新しい取り組みは「阪急うめだ本店」で挑戦することが多いようで、2021年9月には、LINE公式アカウントで事前予約し、来店後に待ち時間なく買い物ができるサービス「HANKYU FITTING SALON」の取り組みも発表されました。

渋谷PARCO
百貨店の商習慣をうまくECサイトにも適用したオムニチャネル化の例として、渋谷PARCOの「PARCO CUBE」が挙げられます。「PARCO CUBE」はオンラインとオフラインの融合を掲げる売り場であり、出店している店舗は自社のEC在庫をPARCOのオンラインストアと連携しています。

店頭販売はおすすめ商品のみに絞り込まれているものの、ショップに設置された端末や自分のスマートフォン・タブレットから他の商品も検索・検討できます。そのため、実店舗にある商品をその場で購入することも、店頭に在庫がない商品をオンラインストアで購入することも可能です。
さらに画期的なのは、その場にある商品をオンラインストアで購入し、持ち帰りの手間を省くこともできるようにした点です。在庫をすべて連携するようにシステムを設計したことで、百貨店ならではの商習慣を活かしながらも、ユーザーにとって新しく使いやすいオムニチャネル化を推進できた好例と言えます。
実店舗・ECサイトのオムニチャネル化が成功のカギ
消費者の購買行動が多様化している現代では、実店舗とECどちらのメリットも理解したうえで自社に最適な方法を取り入れることが重要です。
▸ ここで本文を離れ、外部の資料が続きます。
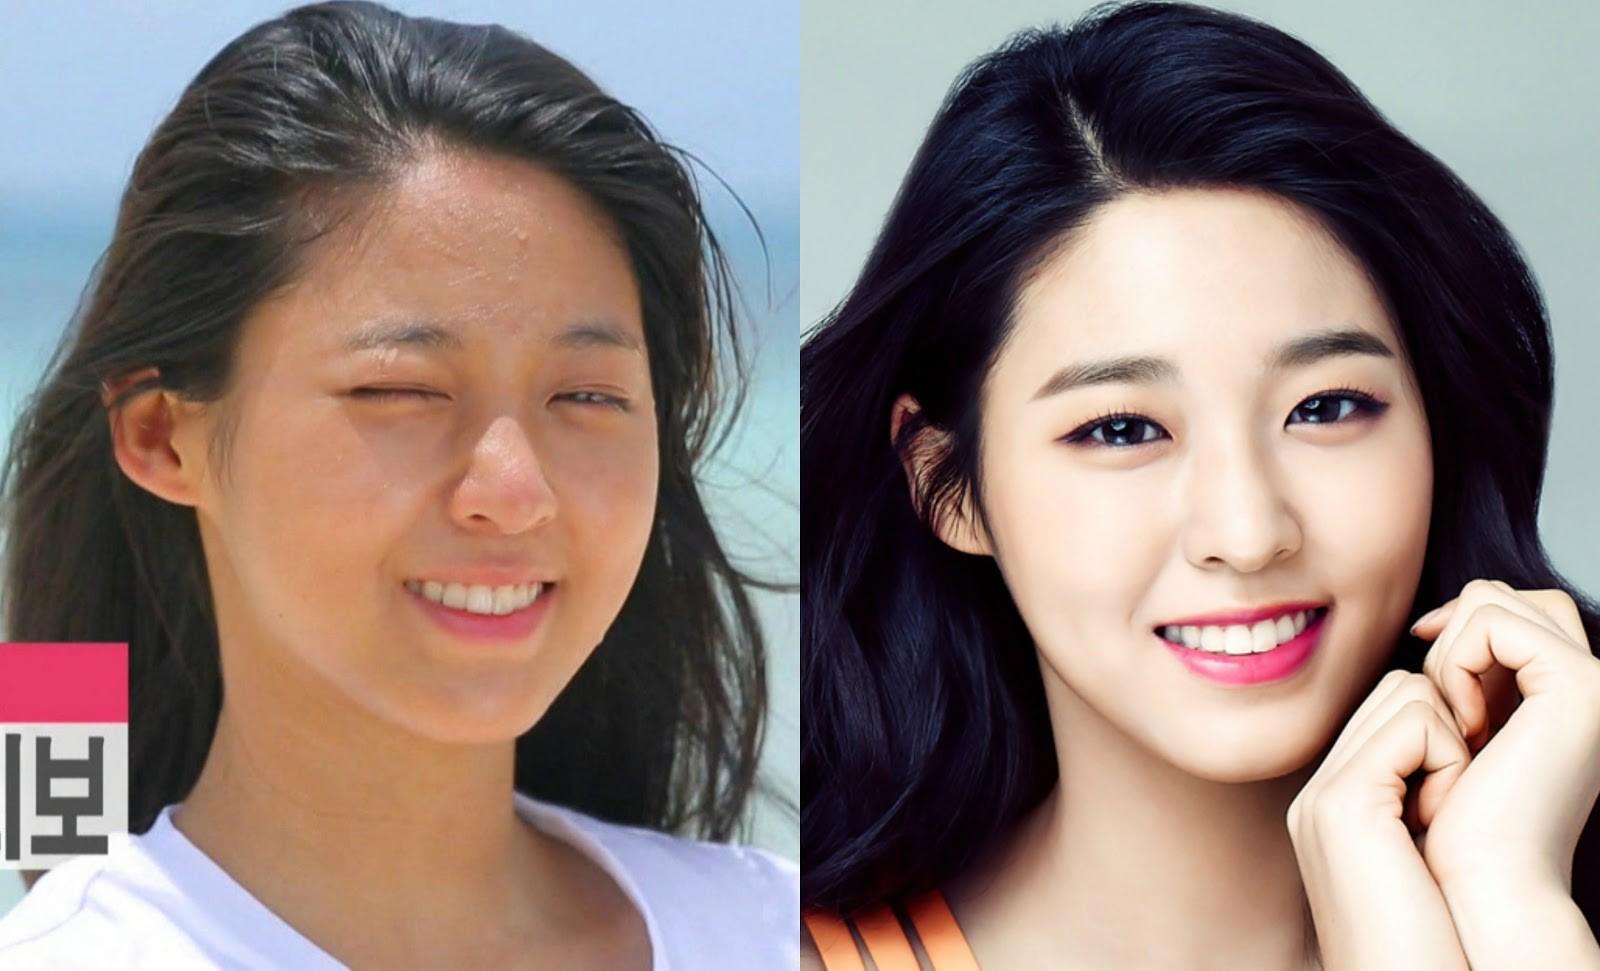 Hẳn là phải thức đêm khá nhiều và thường xuyên makeup dày thì phần trán của Seolhyun mới nhiều mụn ẩn đến như thế. May là cô chưa có nhiều nếp nhăn ...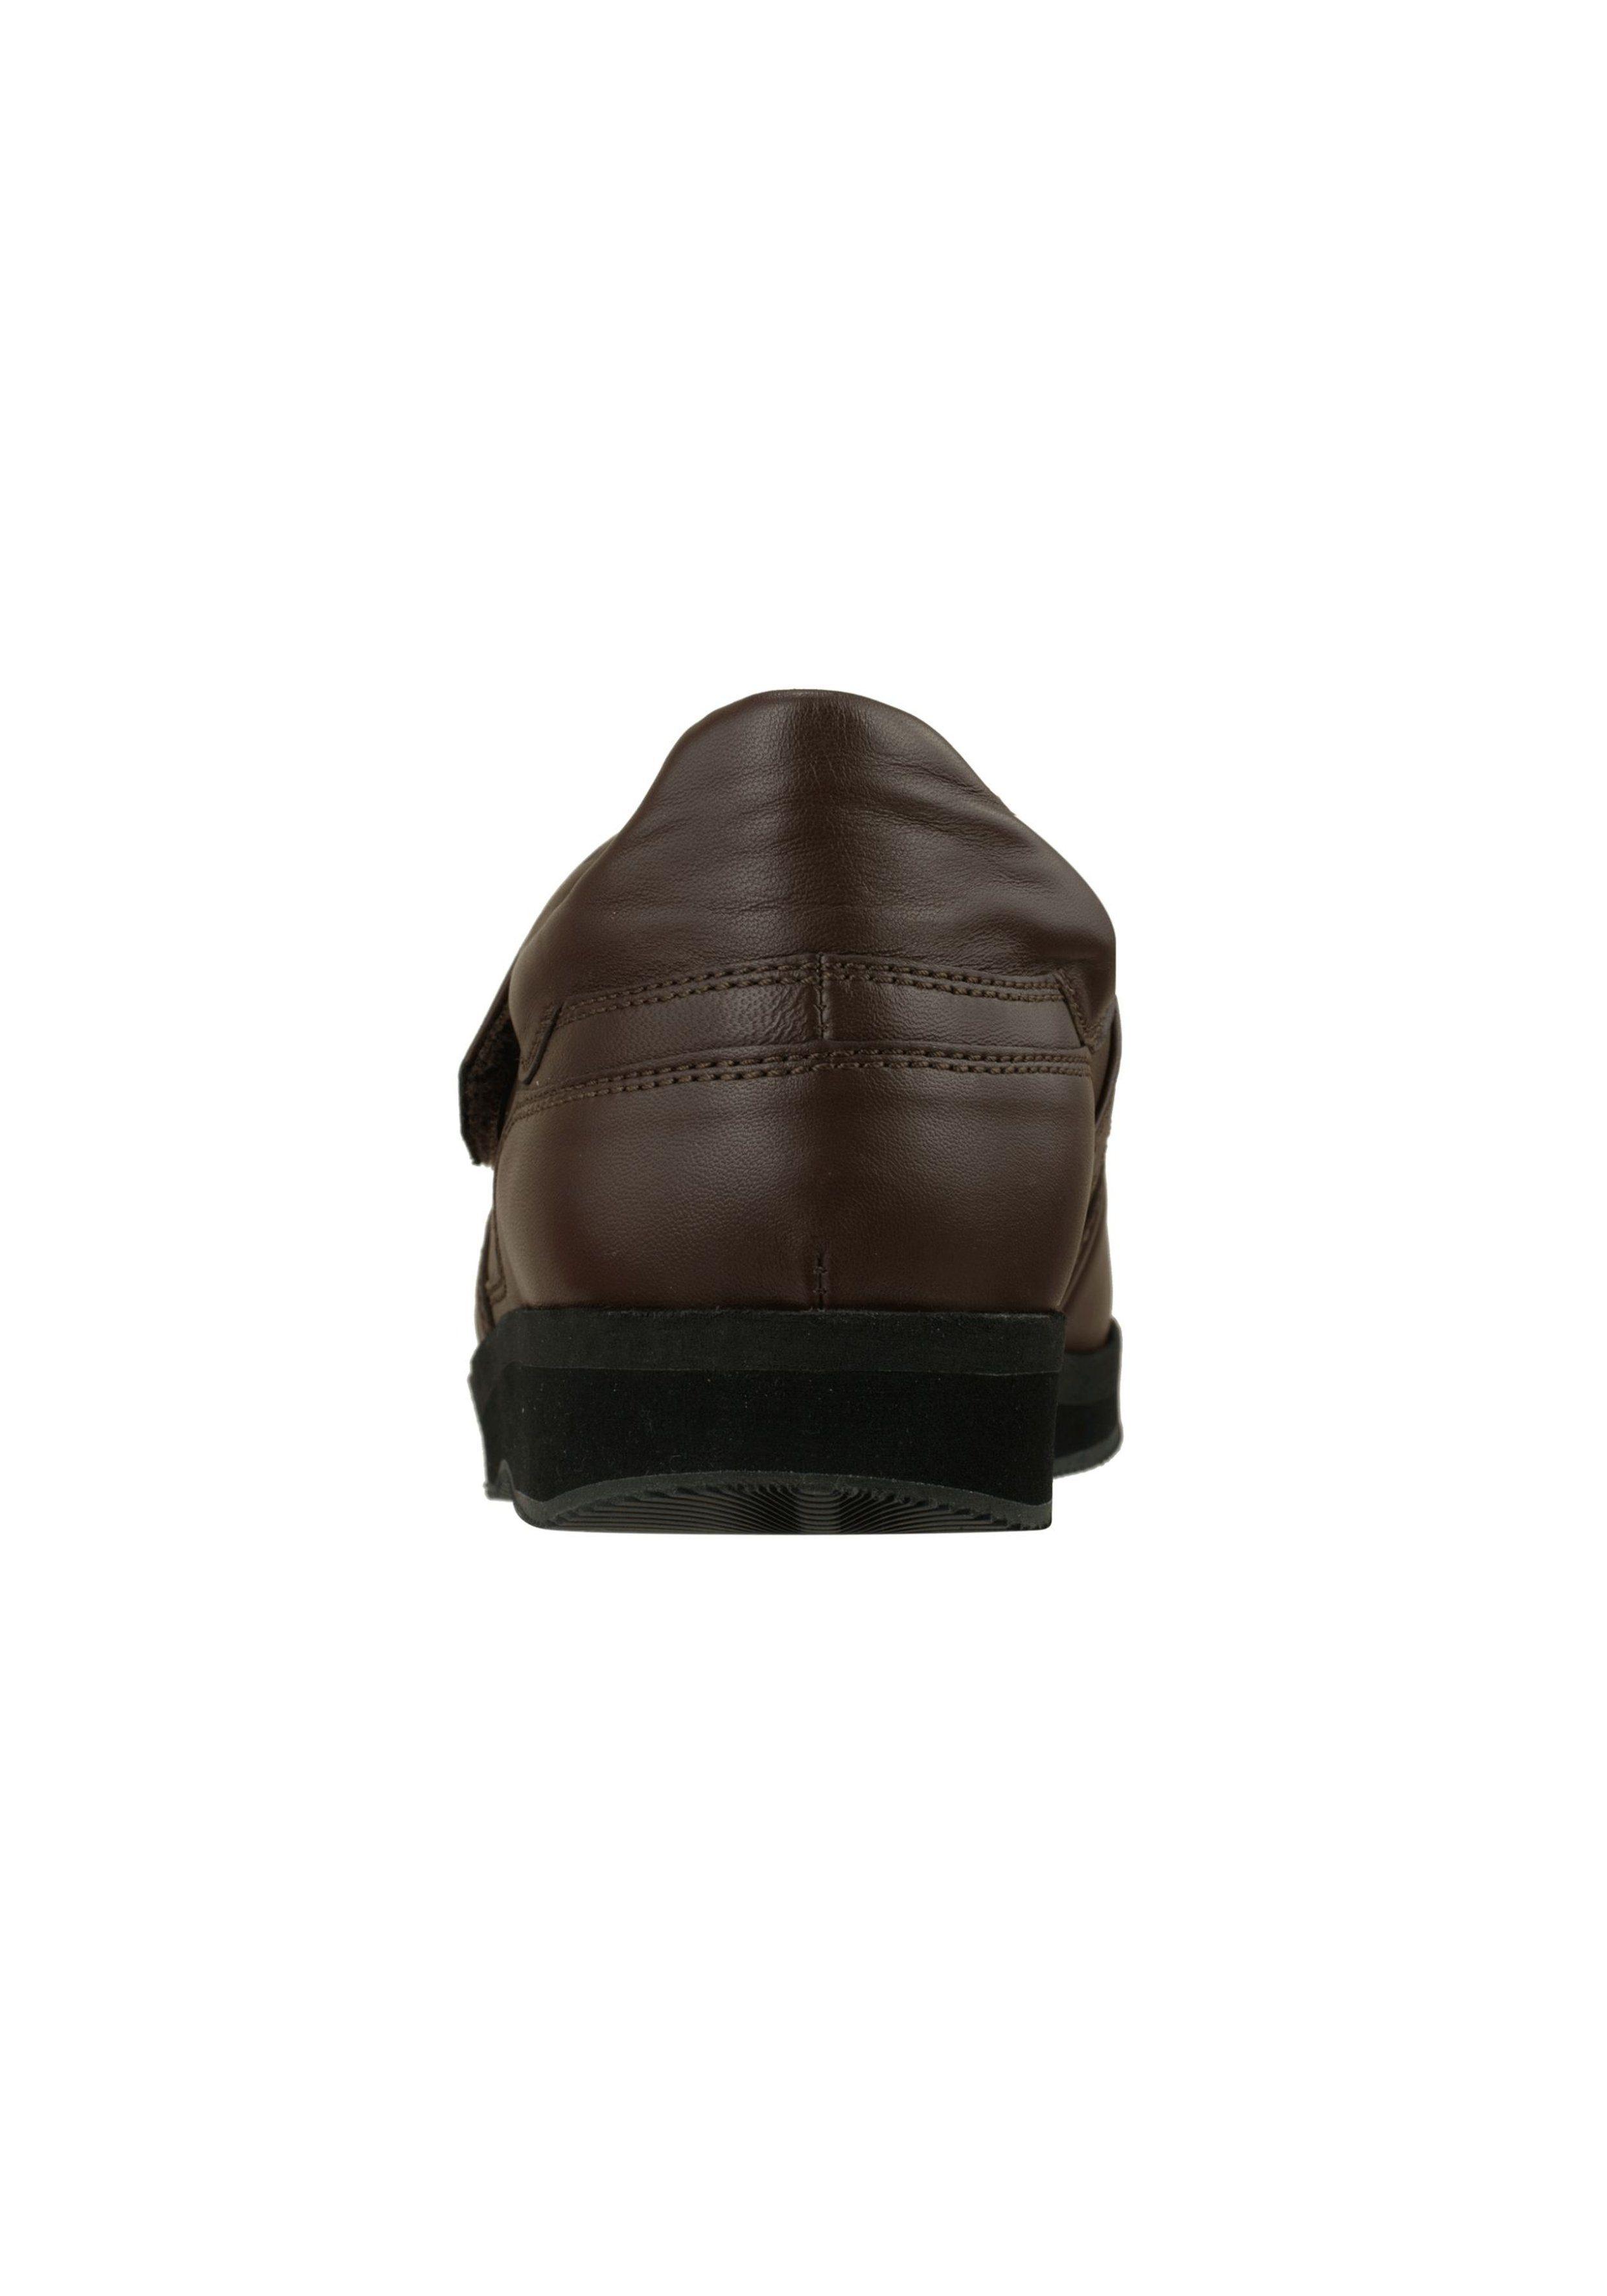 4cm Nr.21 Ledergürtel Rohling,Farbe dunkelbraun gesteppt

どちらも良さがあるため実店舗もECも運営したいという場合には、実店舗とECサイトを別々に発展させる「マルチチャネル化」ではなく、実店舗と連携した「オムニチャネル化」が重要です。
オムニチャネル化を進めることで、消費者の利便性を向上して満足度を高められるでしょう。今回紹介した企業事例を参考に、自社ならではのオムニチャネル施策を検討してみてください。